荷を担ぐ男たちが行き交い、魚屋は声を張り、団子屋の煙がゆるく流れている。そんな賑わいの中で、その一角だけ妙に人が避けていた。通りの真ん中に男がひとり、でろりと座り込んでいたからだ。
しかも、かなり堂々と。
片膝を投げ出し、手には酒の入った徳利。脇には弓が二張りと、削りかけの木材、それに道具袋が転がっている。髪はぼさぼさ、着物の襟元もだらしなく、顔つきは眠そうだ。どう見ても、昼から飲んだくれて動けなくなった男である。
利家が顔をしかめた。
「何だあれ」
「酔っ払い」
小夜が即答する。
「見れば分かる」
吉法師は目を細めた。
「ただの酔っ払いではなさそうだ」
小夜が横目で睨む。
「また始まった」
「何がだ」
「あなたの“面白そう”って顔」
利家が鼻を鳴らした。
「俺にはただの飲んだくれにしか見えねえよ」
その時だった。
道の端で若い男が、困った顔で壊れた弓を抱えているのが目に入った。弦が外れ、弓の上の方がわずかに歪んでいる。男は通りの店を何軒か見て回っていたらしいが、うまくいかなかったのか、その場で途方に暮れていた。

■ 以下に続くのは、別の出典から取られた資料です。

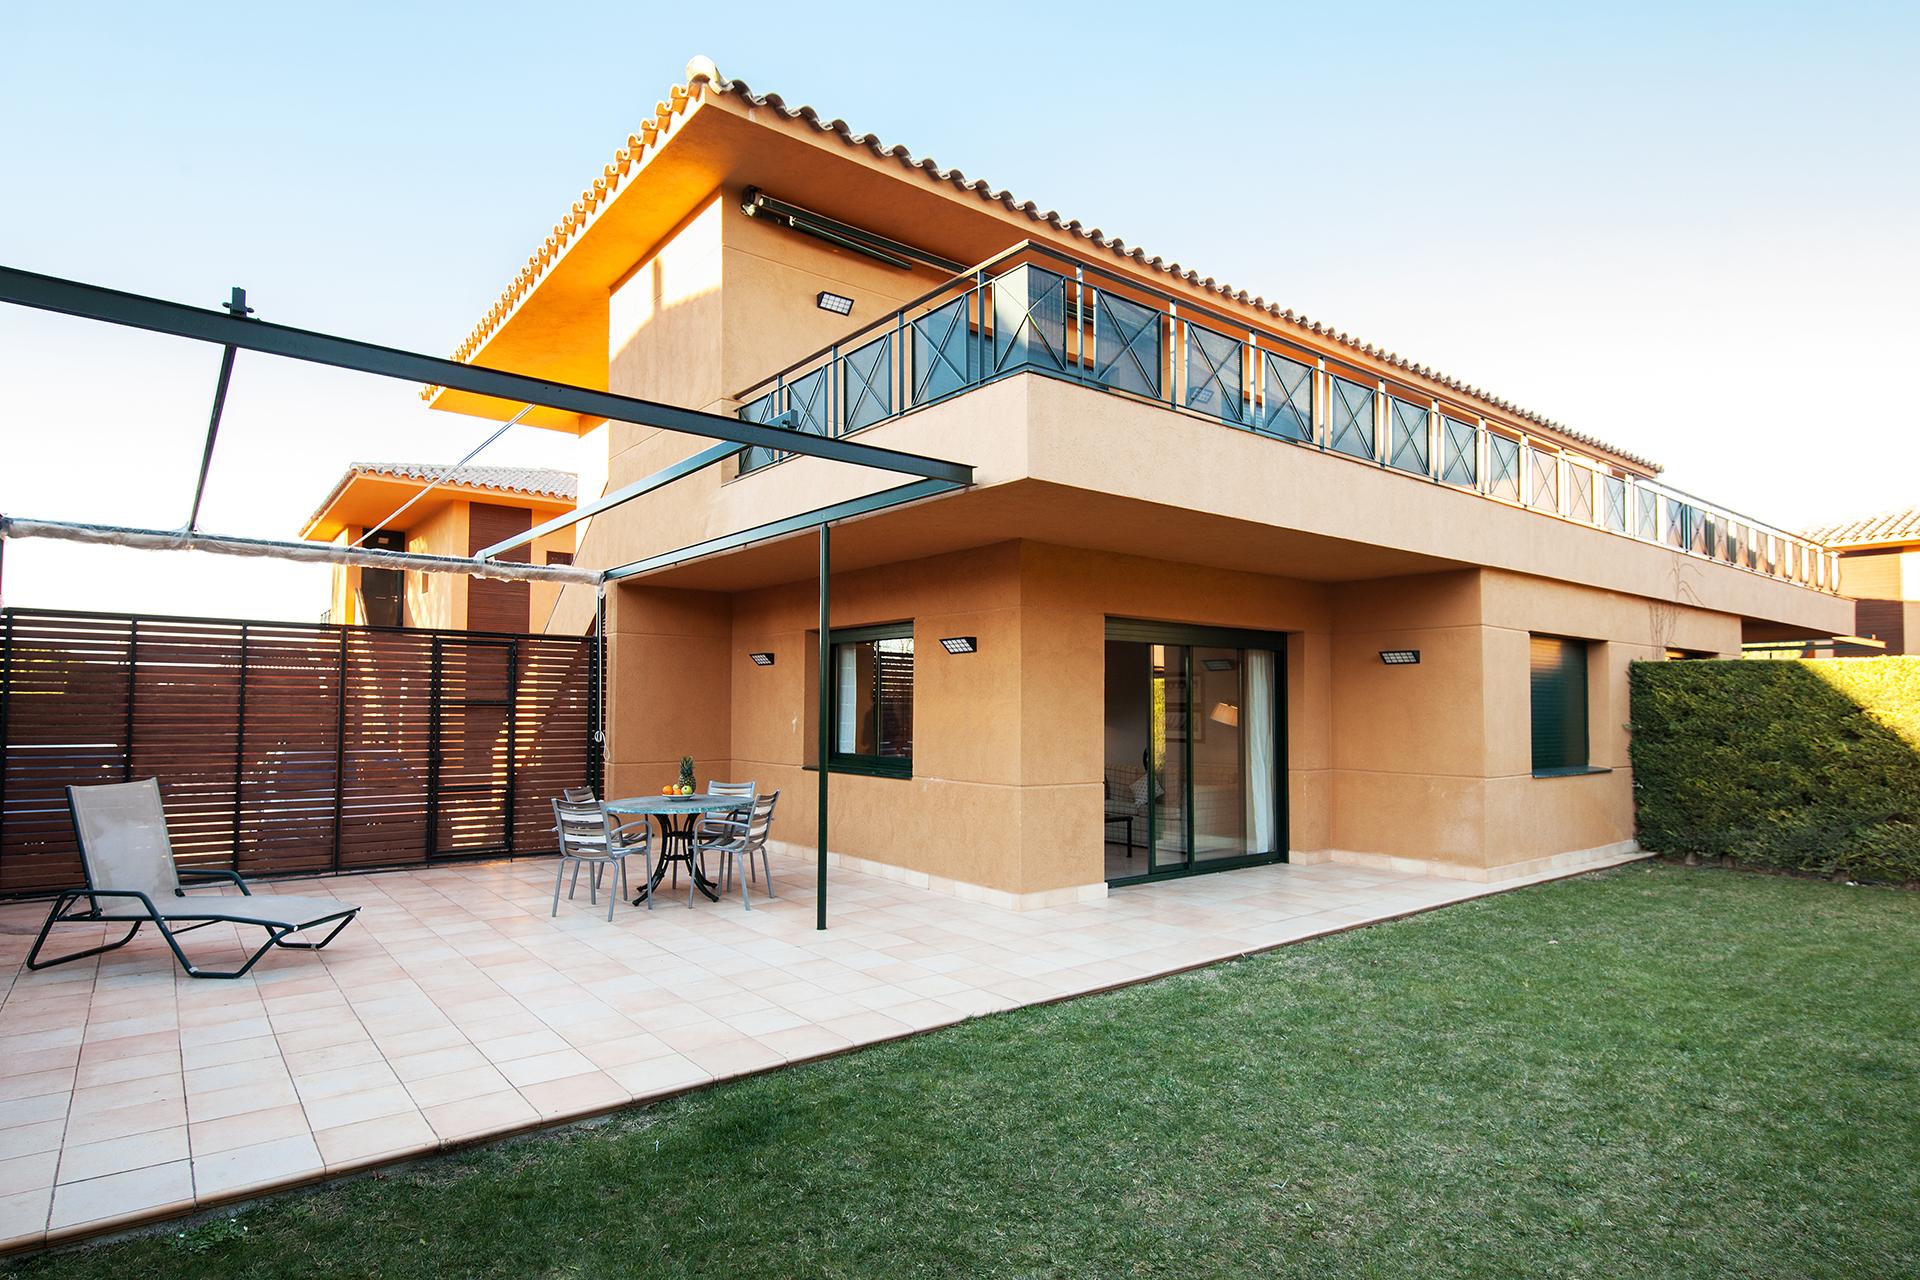 Golf-Expedition-Golf-reizen-Spanje-Regio-Barcelona-TorreMirona-Golf-&-Spa-Resort-Garden-Suite

すると、座り込んでいた酔っ払いが、顔も上げずに言った。
「それ、右へ引きすぎたな」
若い男がぎょっとして振り向く。
「は?」
酔っ払いは徳利を口に運んだまま続けた。
「弦が悪いんじゃねえ。お前の癖だ。右手に力が入りすぎて、毎回同じところへ無理がかかってる」
男は目を瞬いた。
「な、何で分かるんだ」
「見りゃ分かる」
その言い方が妙に腹立たしいほど自然だった。
酔っ払いはようやく弓の方へ目をやった。眠そうな目つきだったのに、その一瞬だけ光が変わる。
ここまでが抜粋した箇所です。